*** Provided data Section Begins ***
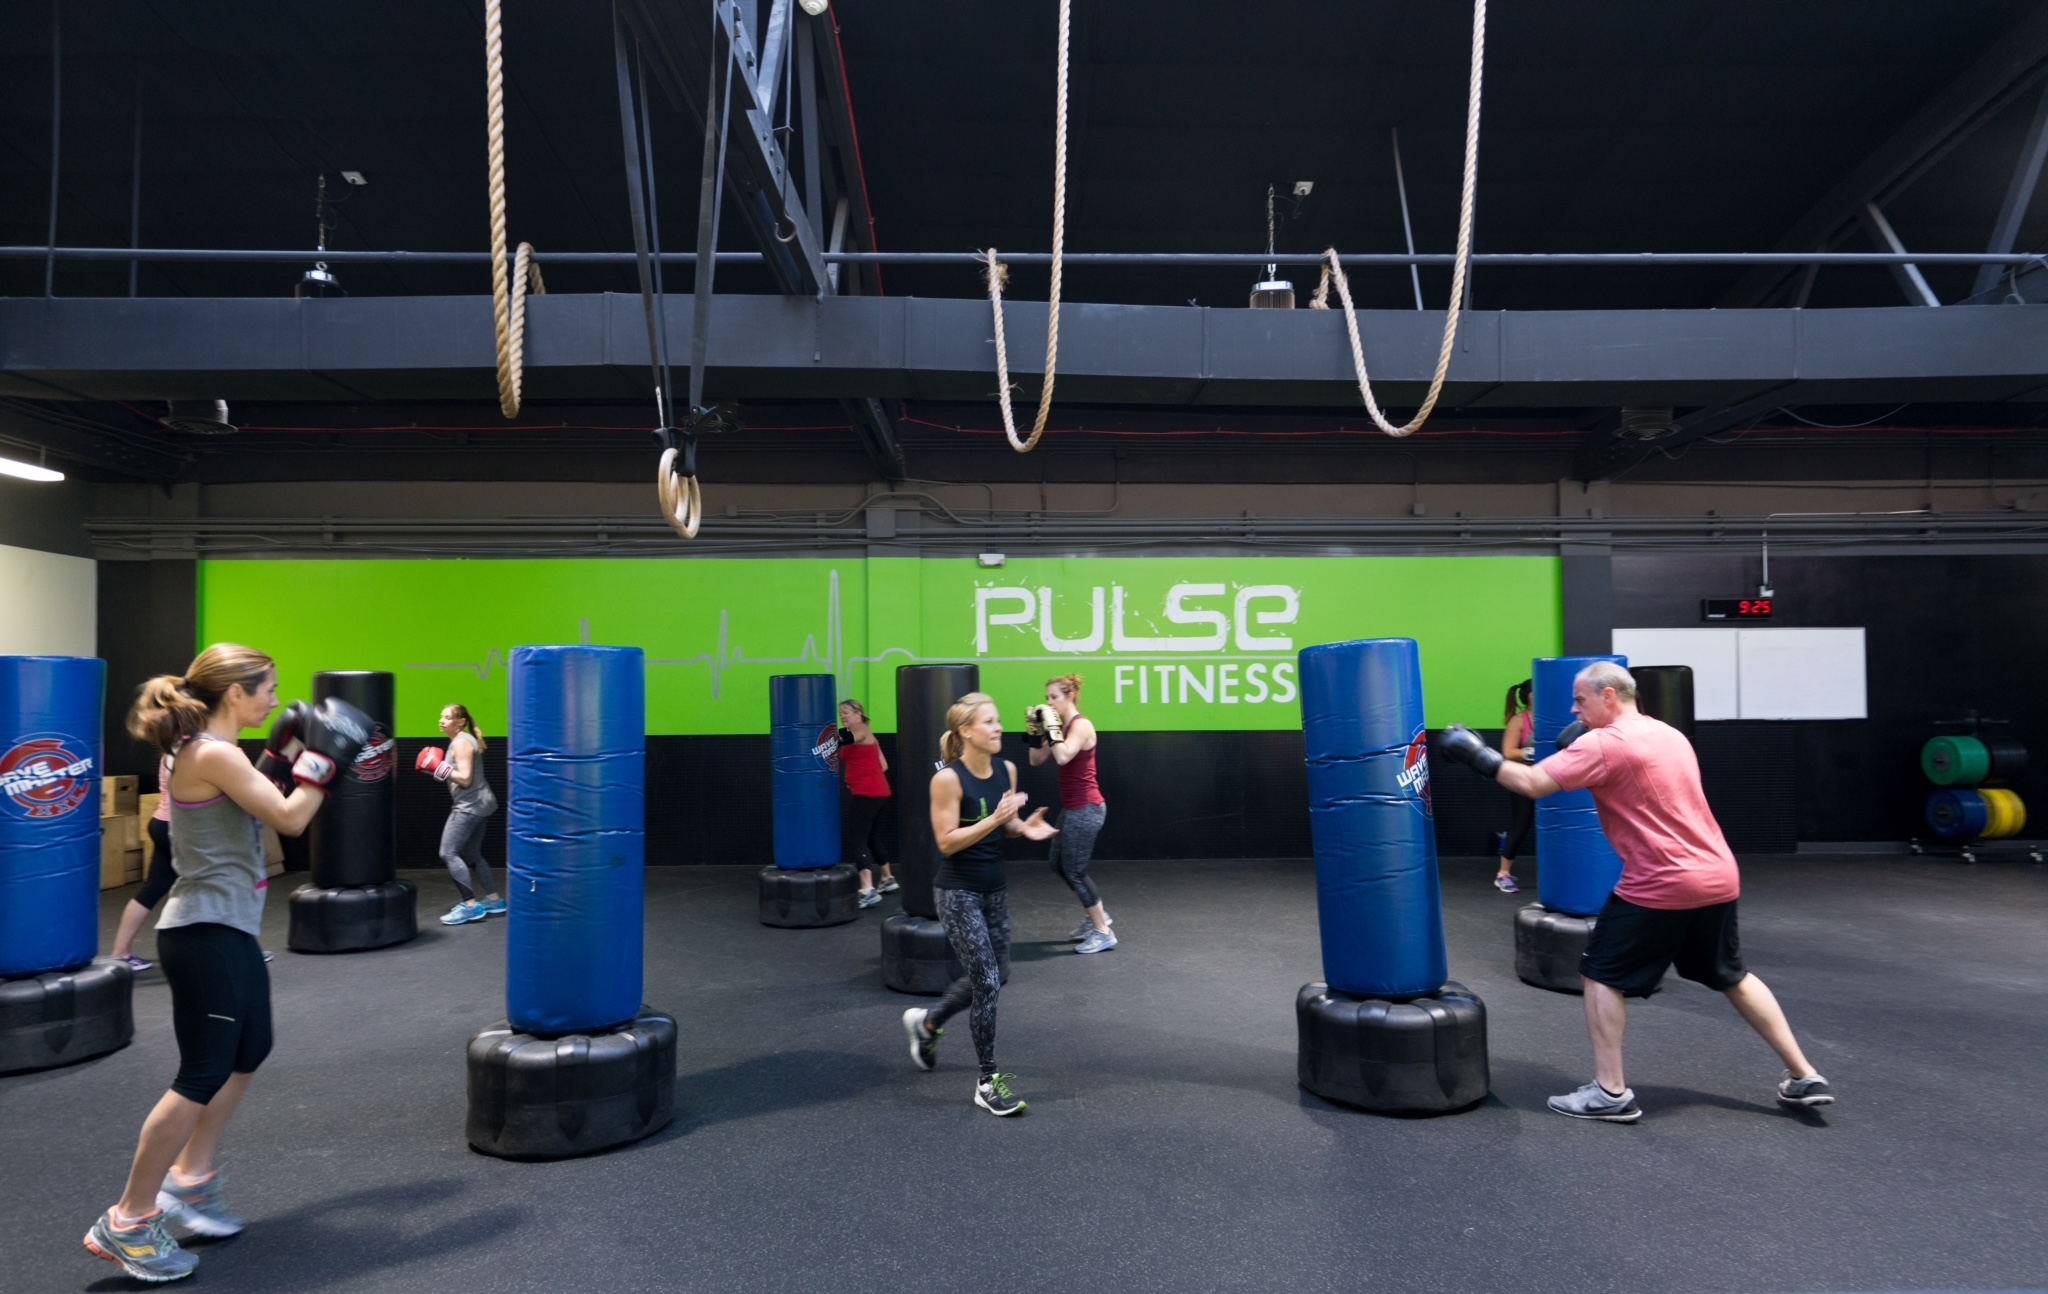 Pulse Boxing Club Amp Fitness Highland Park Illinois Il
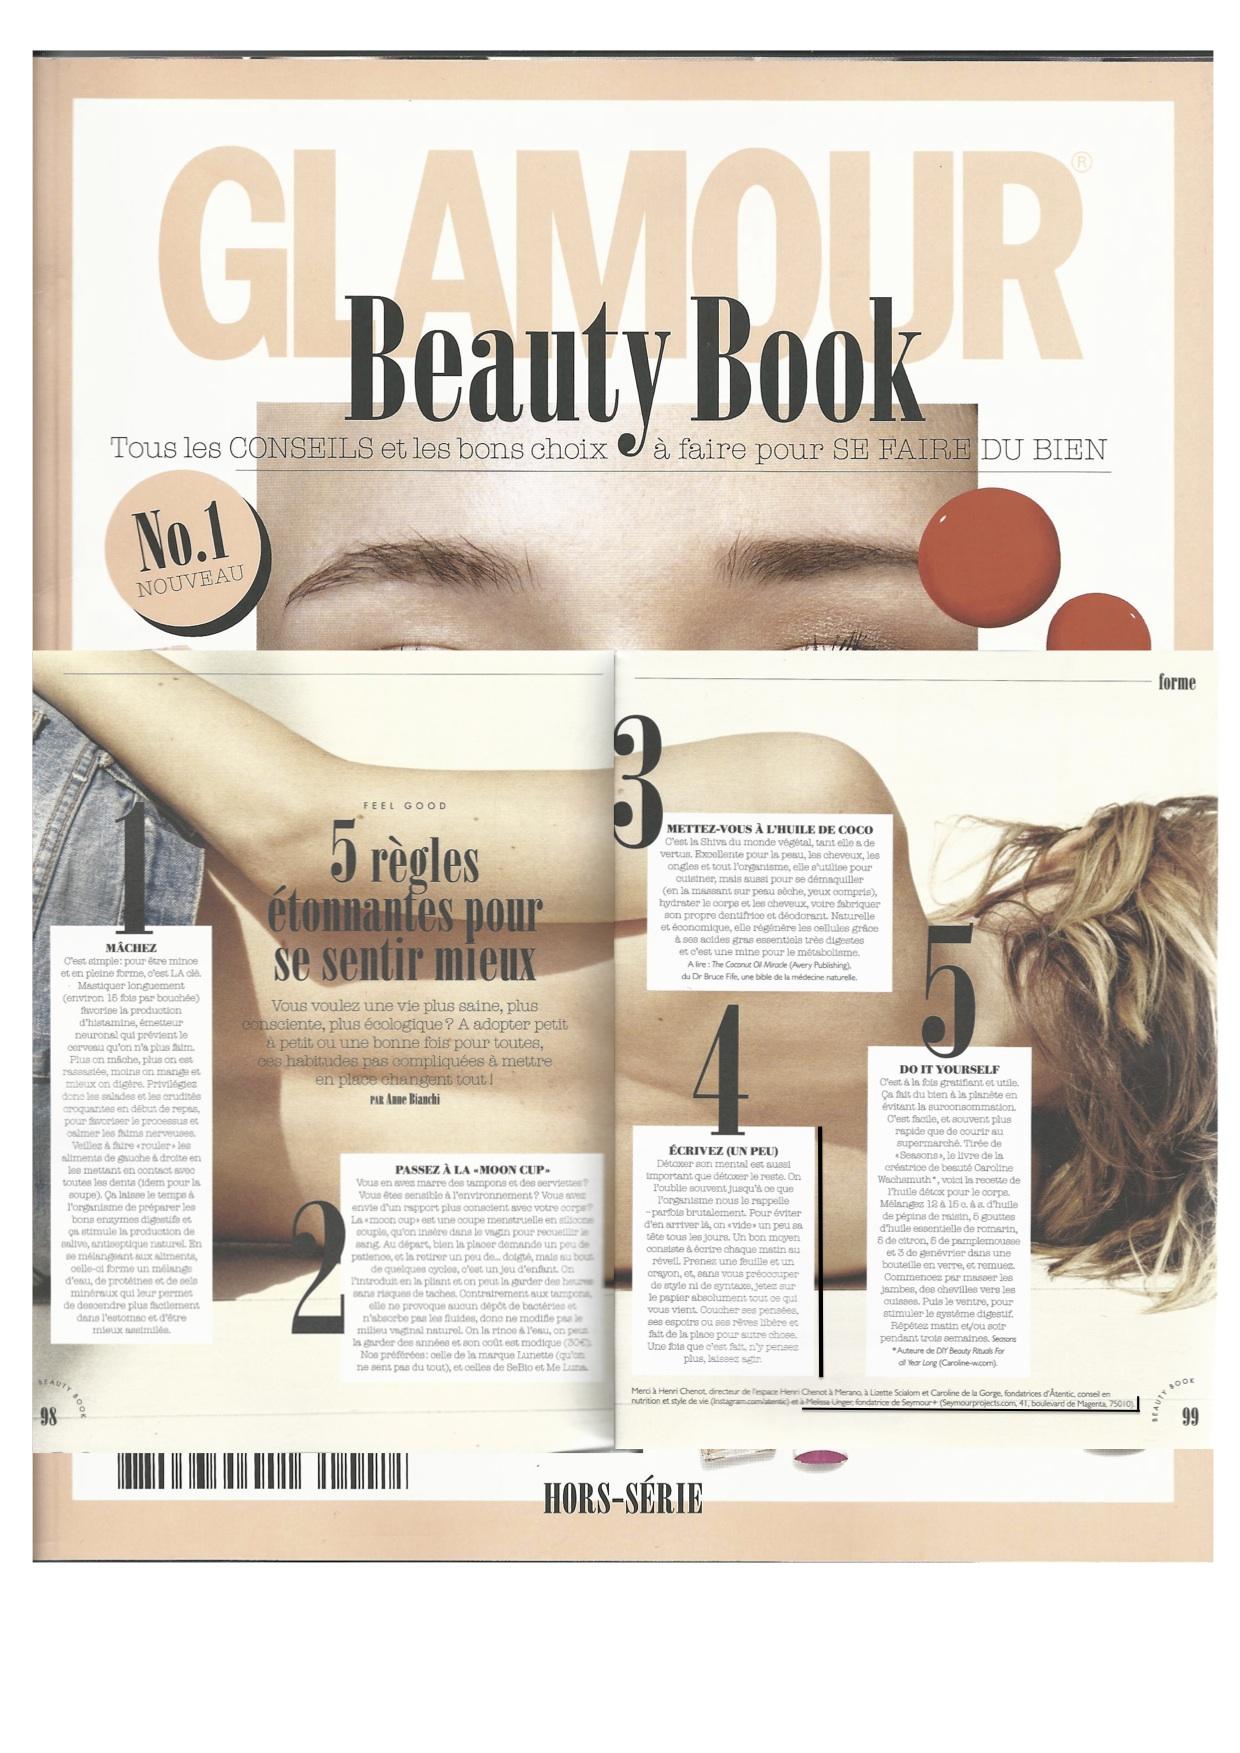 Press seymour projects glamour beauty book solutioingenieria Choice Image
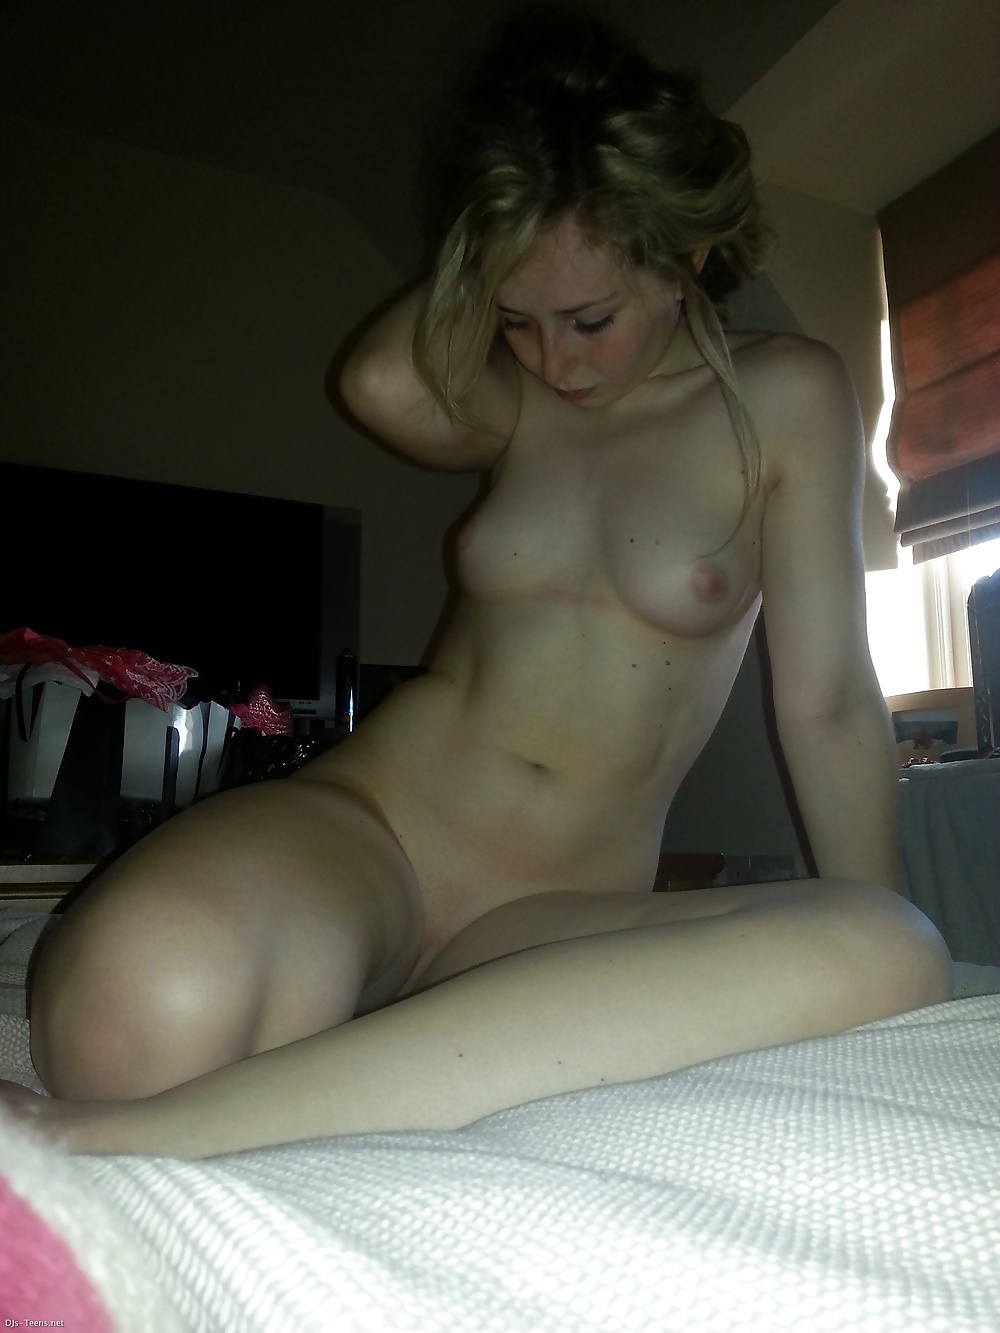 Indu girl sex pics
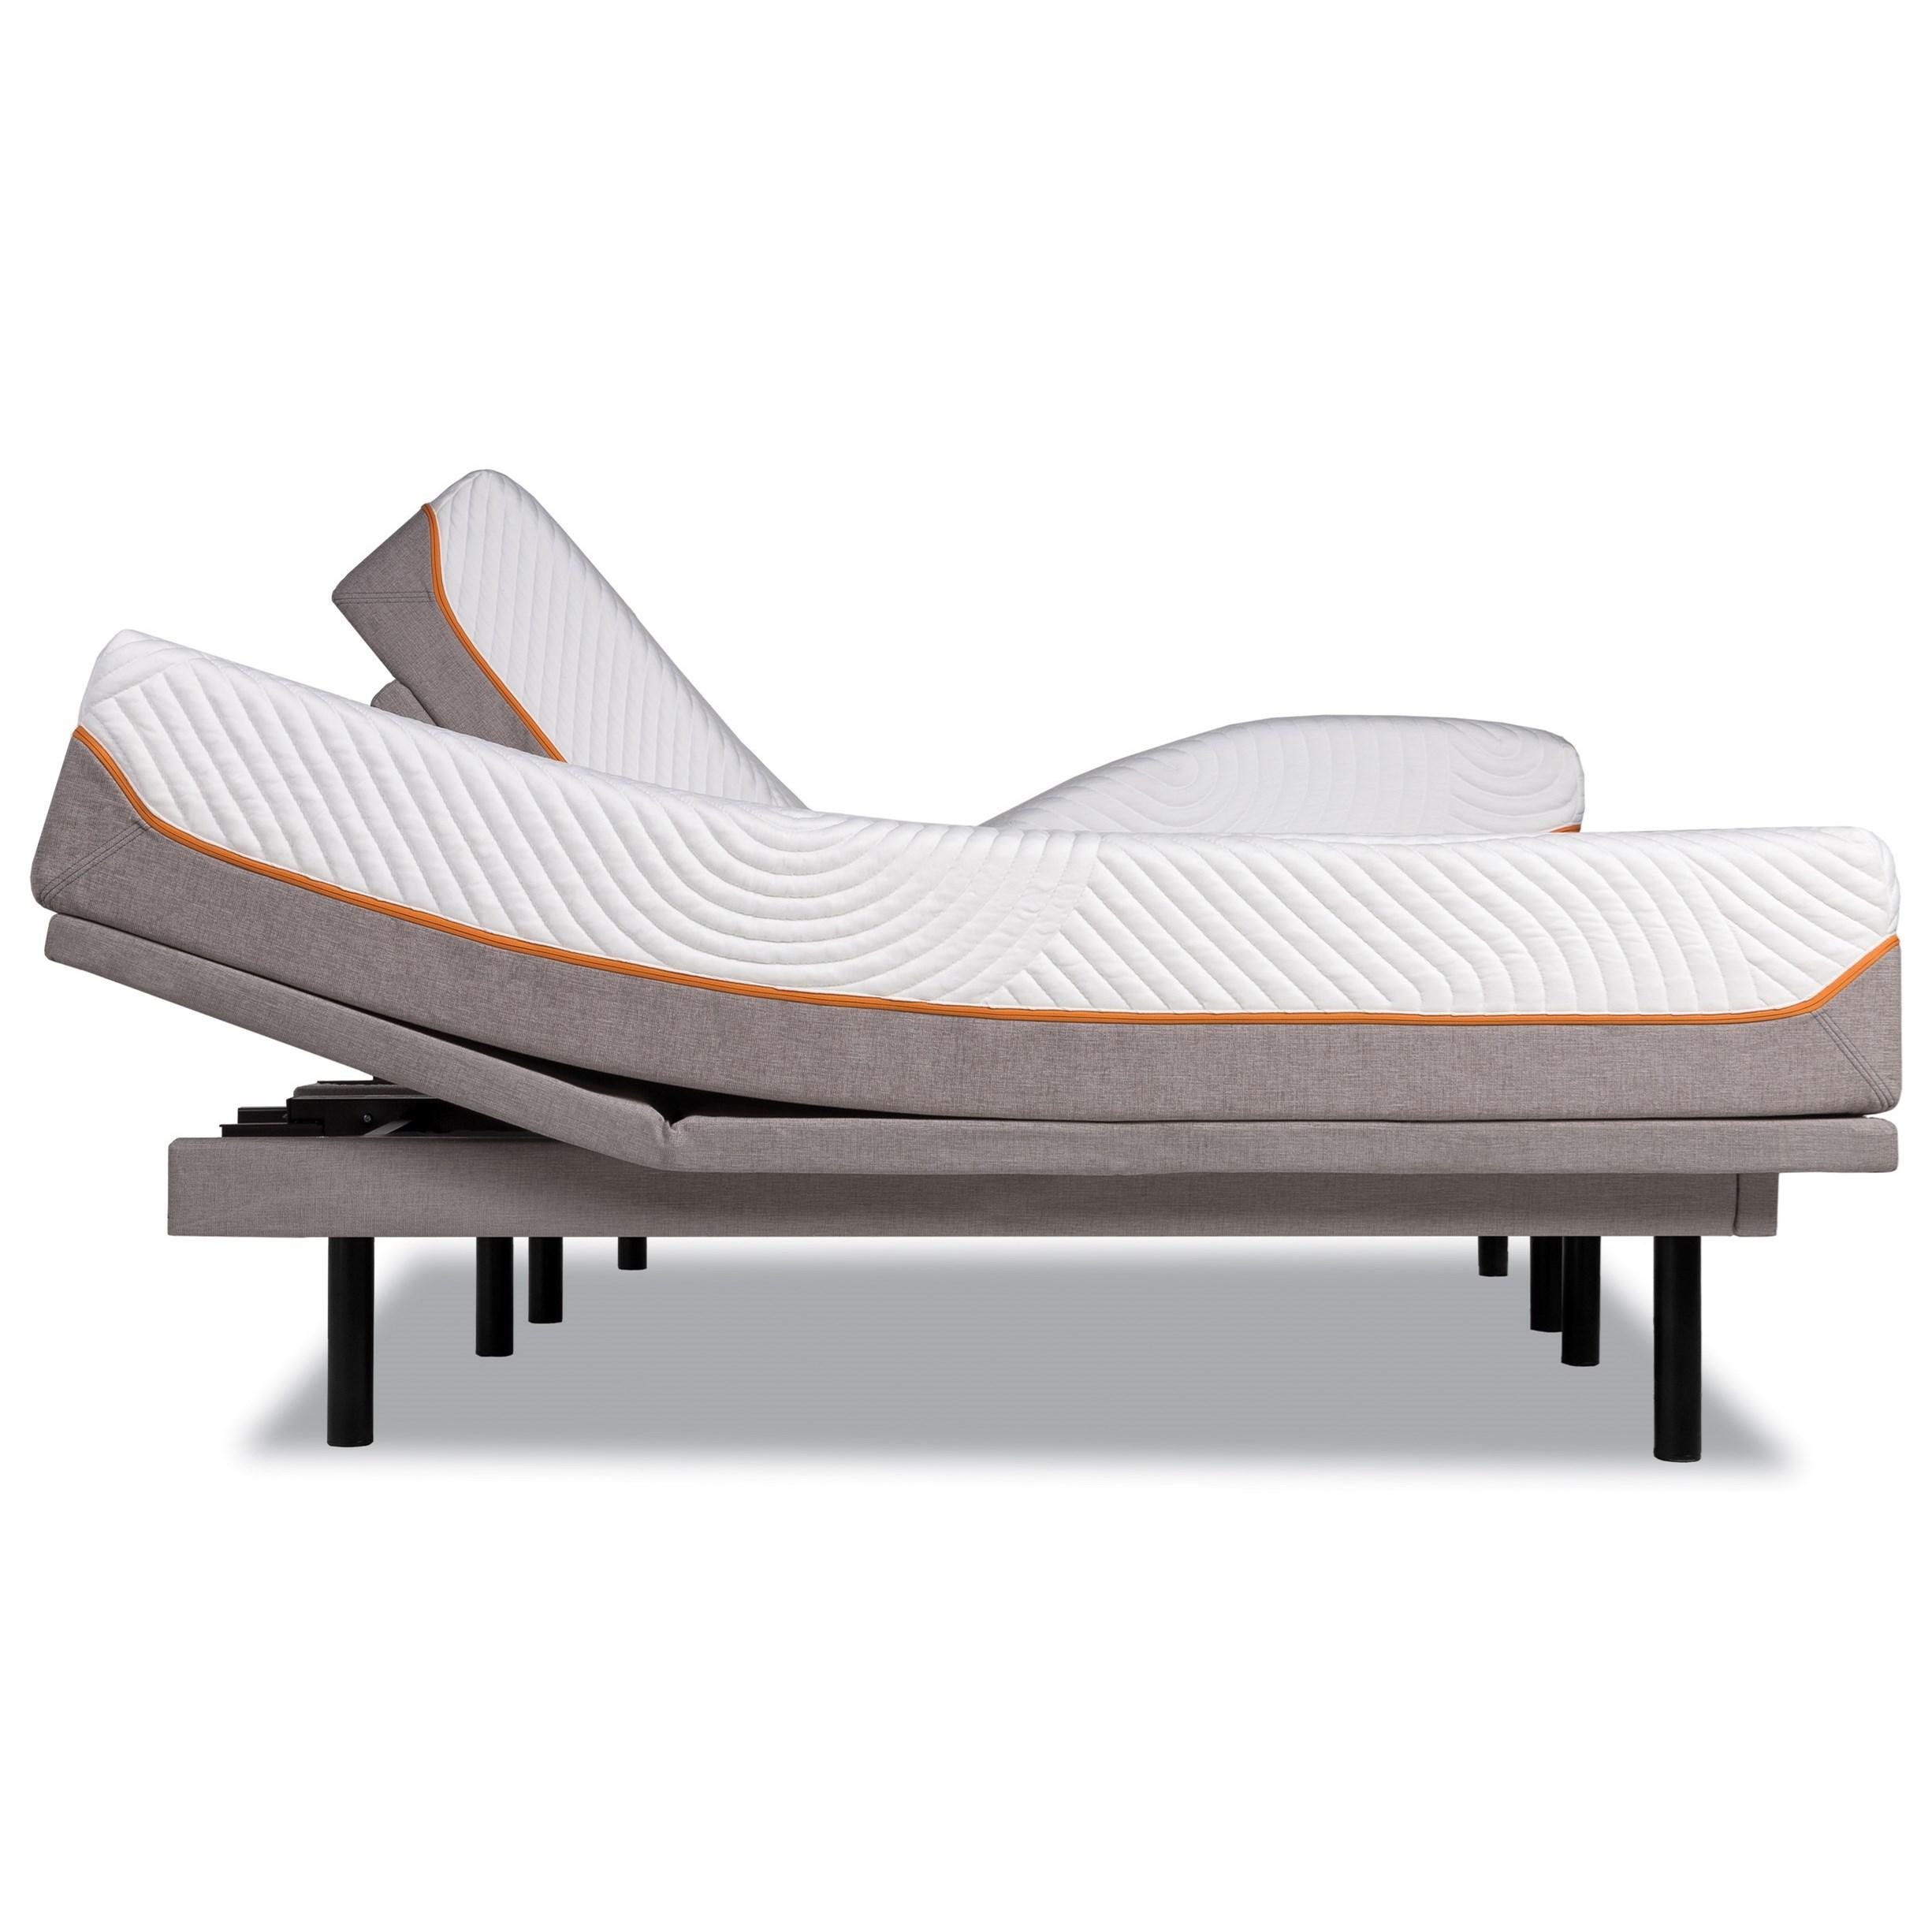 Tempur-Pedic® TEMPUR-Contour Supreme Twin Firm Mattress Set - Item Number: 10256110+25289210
*** Provided data Section Ends ***
Pictures are not part of the copy; transcribe the rest of the data verbatim.

Result of this exercise —
 Pulse Boxing Club Amp Fitness Highland Park Illinois Il
 Press seymour projects glamour beauty book solutioingenieria Choice Image
 Indu girl sex pics
 Tempur-Pedic® TEMPUR-Contour Supreme Twin Firm Mattress Set - Item Number: 10256110+25289210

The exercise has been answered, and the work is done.